We are still technically improving the database and are in the process of adding in many more genetically modified parasite lines (and their associated information). At this moment we have information on around 100 parasite lines. We will not only provide information on ‘successful’ mutants with a clear phenotype, but also (un)published mutants without a clear phenotype and (un)published negative trials to disrupt genes.
Currently we are in discussion with PlasmoDB on the best way to link our RMGM database with theirs to best ensure availability and access of the collated information.
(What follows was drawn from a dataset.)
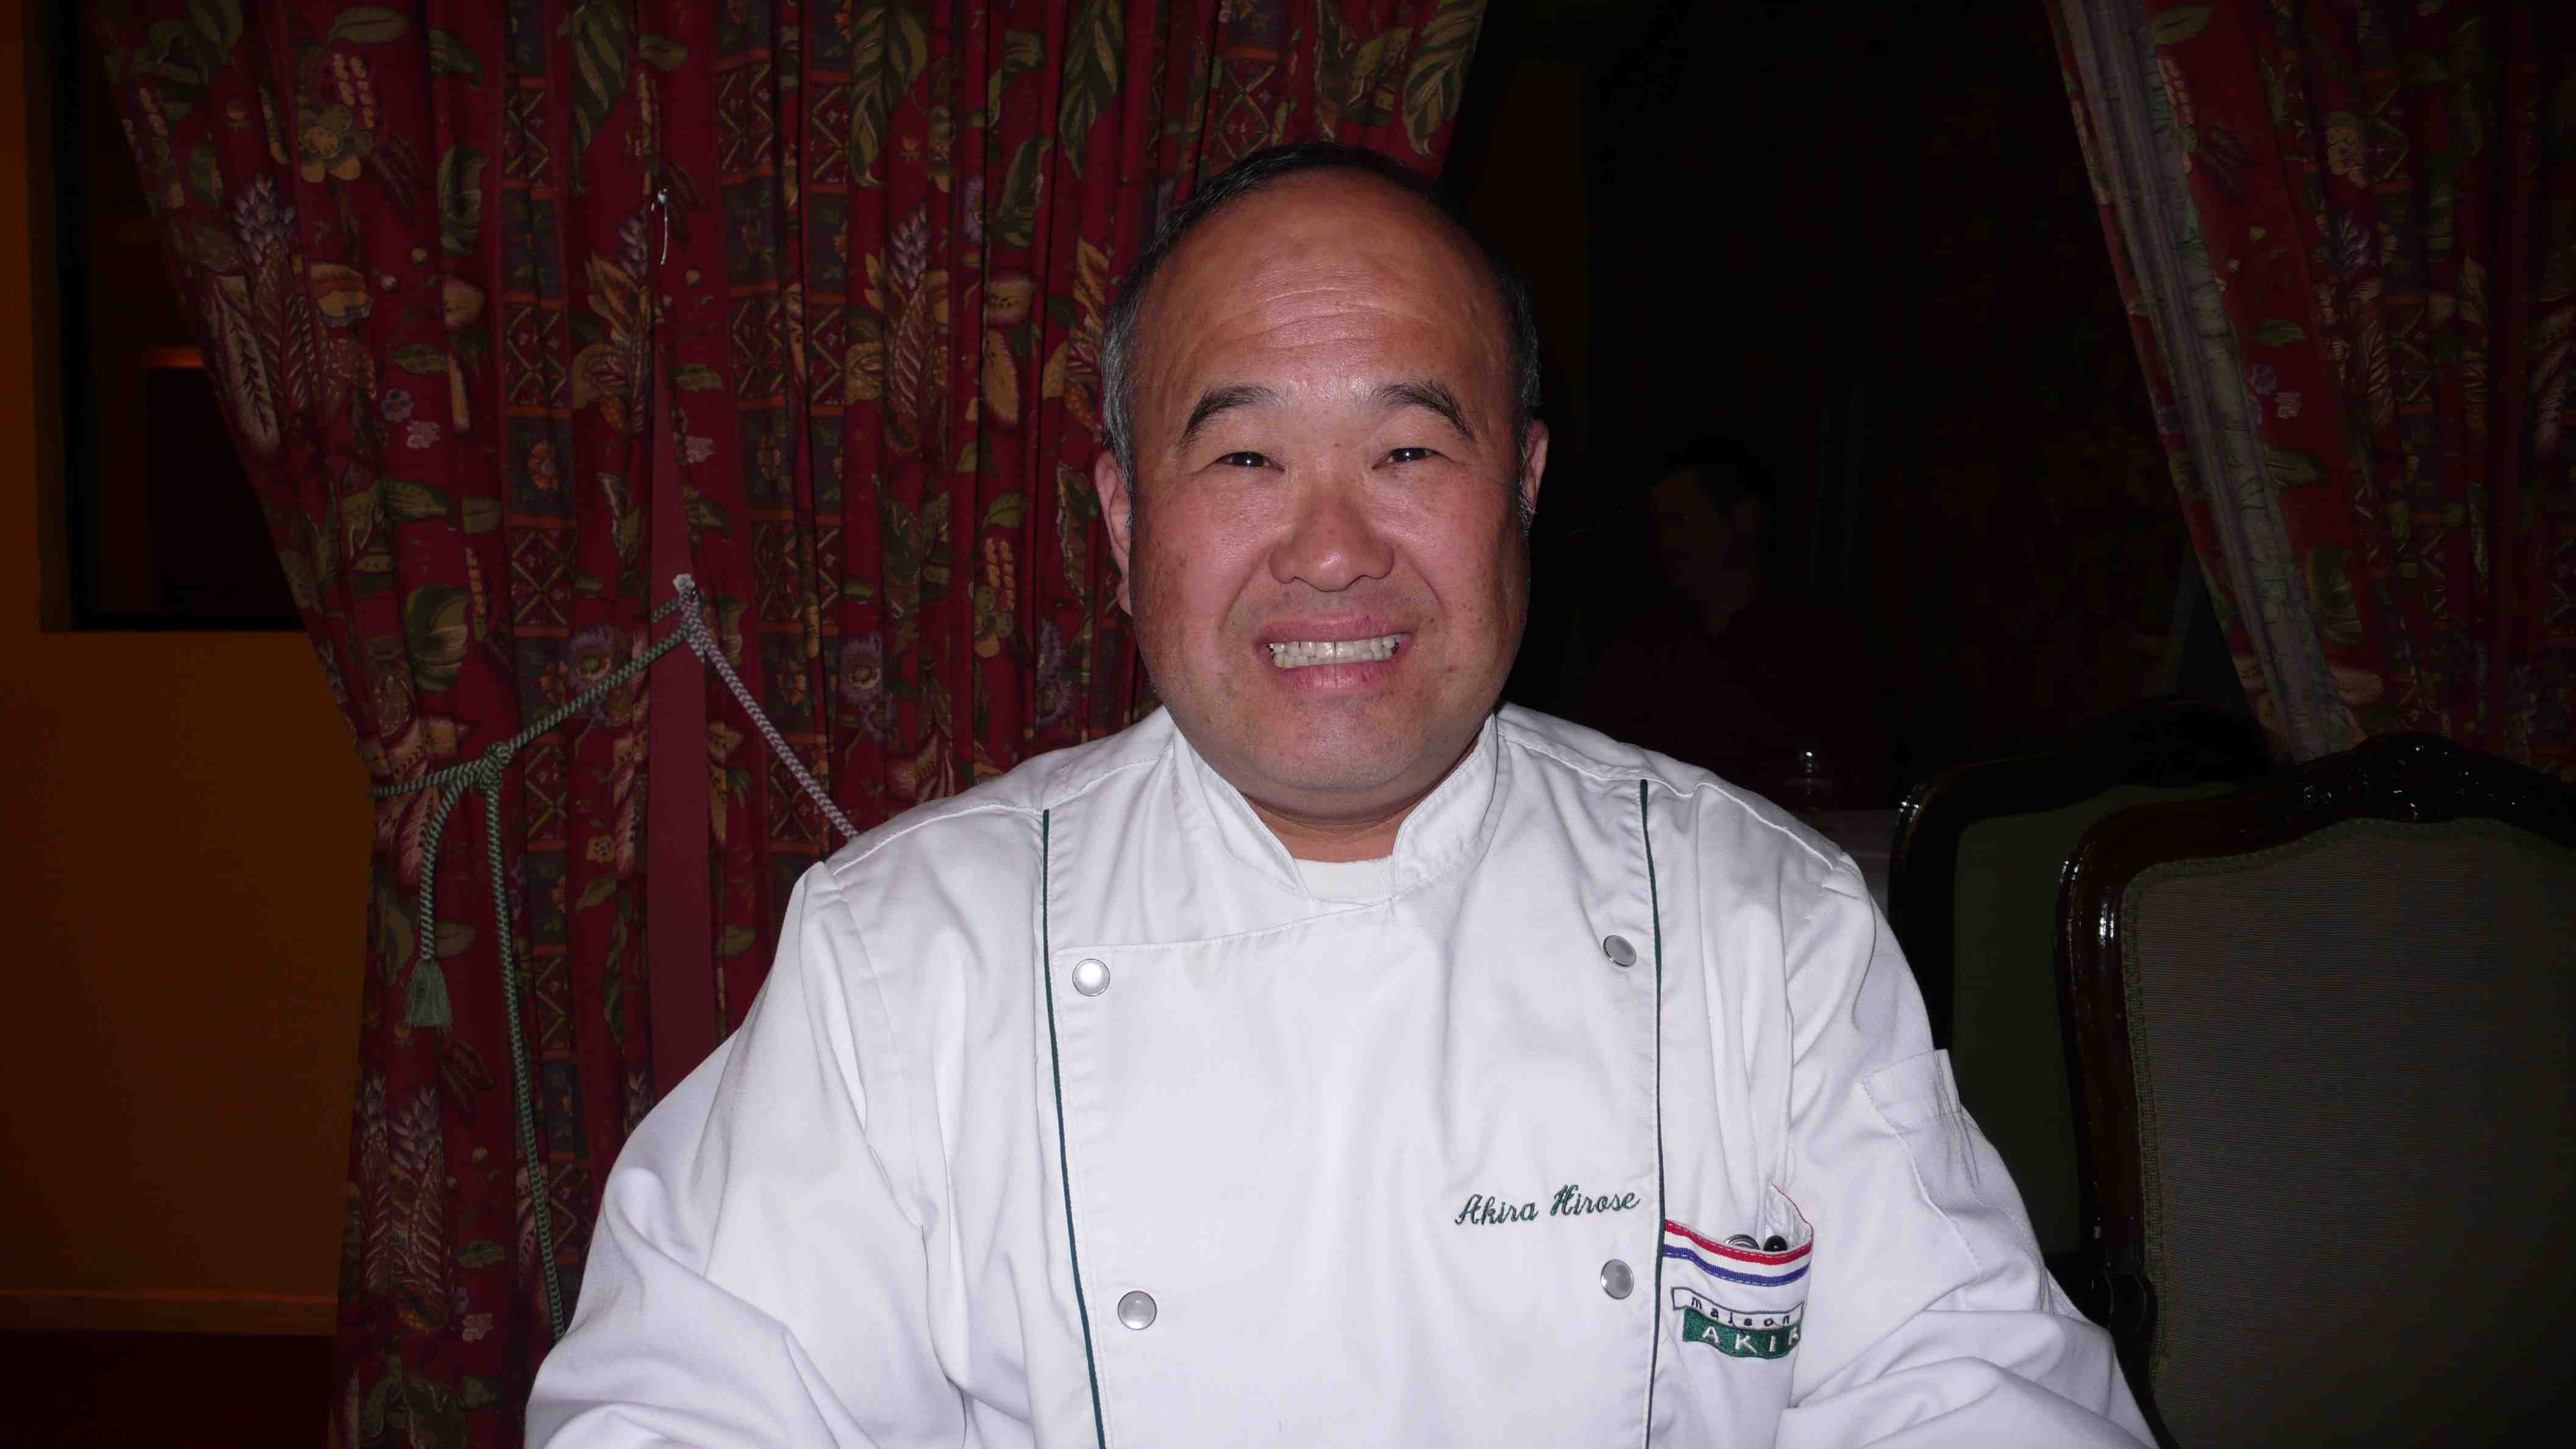 Chef Akira Hirose

We would be pleased and would very much welcome everyone’s comments to improve our RMGM database. Moreover, we would like to explore the possibilities of coordinating our activities with you and other researchers; such that individuals can submit and/or upload information on their rodent parasite mutants either directly onto the RMGM database or in an excel format that can be sent to the Leiden Malaria Research Group for uploading. We believe that the information on published and unpublished (rodent) malaria parasite mutants, all within one database, will help the research of all and may also prevent unnecessary duplication of work/experiments.